▸ **SUPPLIED INFORMATION**:

=== Begin Enclosure ===

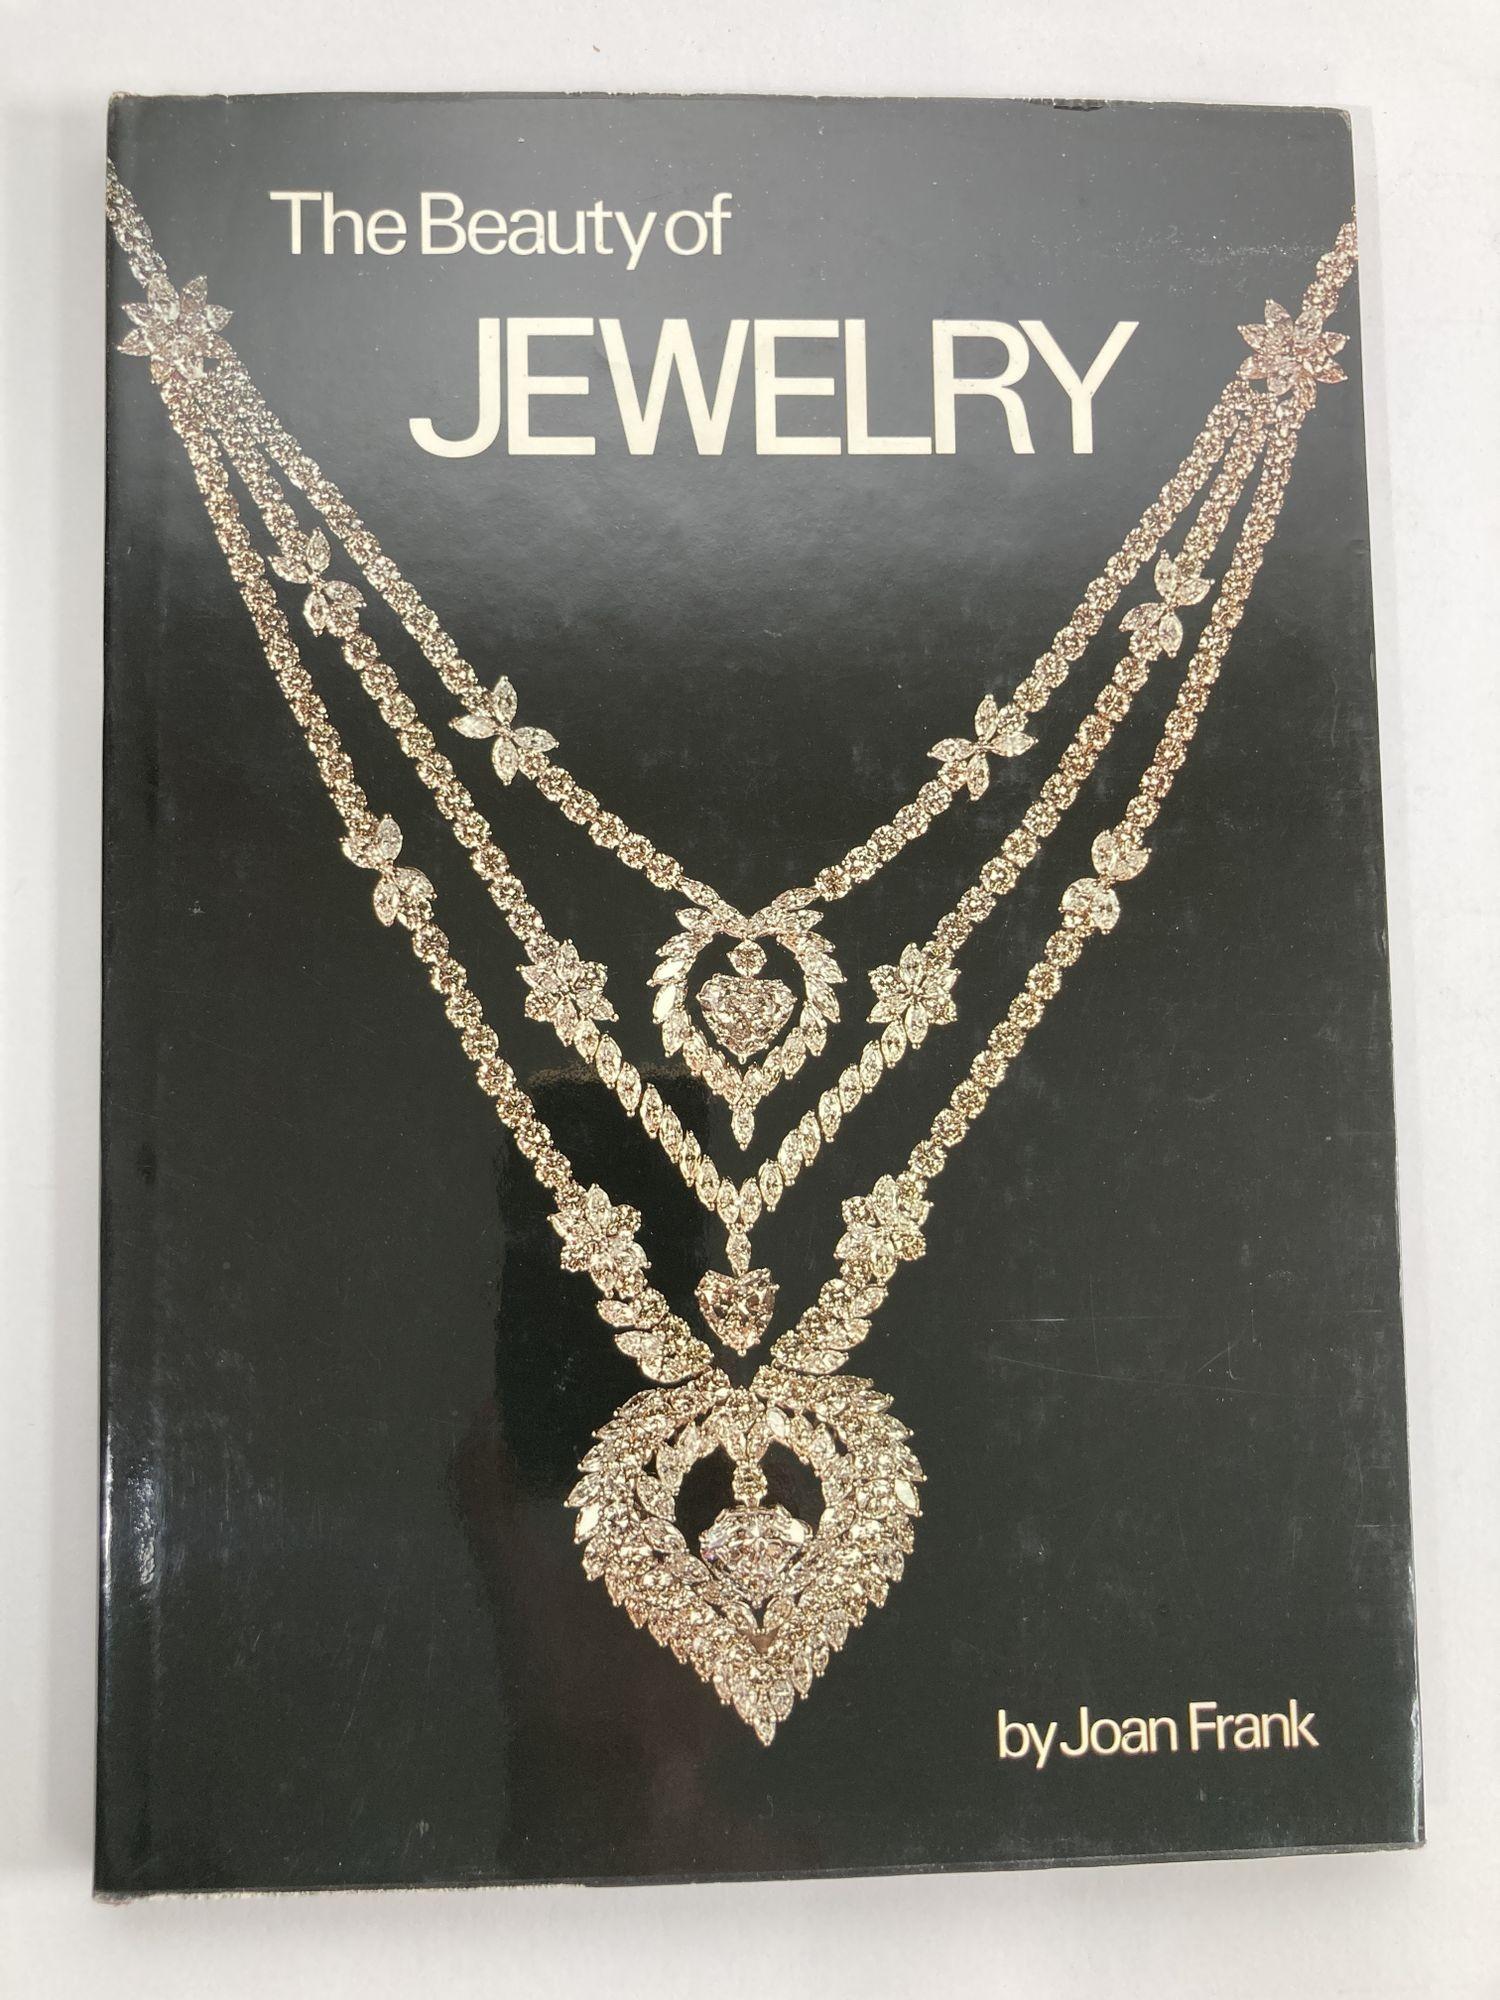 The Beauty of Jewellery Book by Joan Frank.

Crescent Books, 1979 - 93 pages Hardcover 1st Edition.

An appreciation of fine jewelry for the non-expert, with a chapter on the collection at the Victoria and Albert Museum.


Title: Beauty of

=== End Enclosure ===

▸ **PROBLEM STATEMENT**:
Restate the full listing word for word, excluding images.

▸ **THE ANSWER**:
 The Beauty of Jewellery Book by Joan Frank.

Crescent Books, 1979 - 93 pages Hardcover 1st Edition.

An appreciation of fine jewelry for the non-expert, with a chapter on the collection at the Victoria and Albert Museum.


Title: Beauty of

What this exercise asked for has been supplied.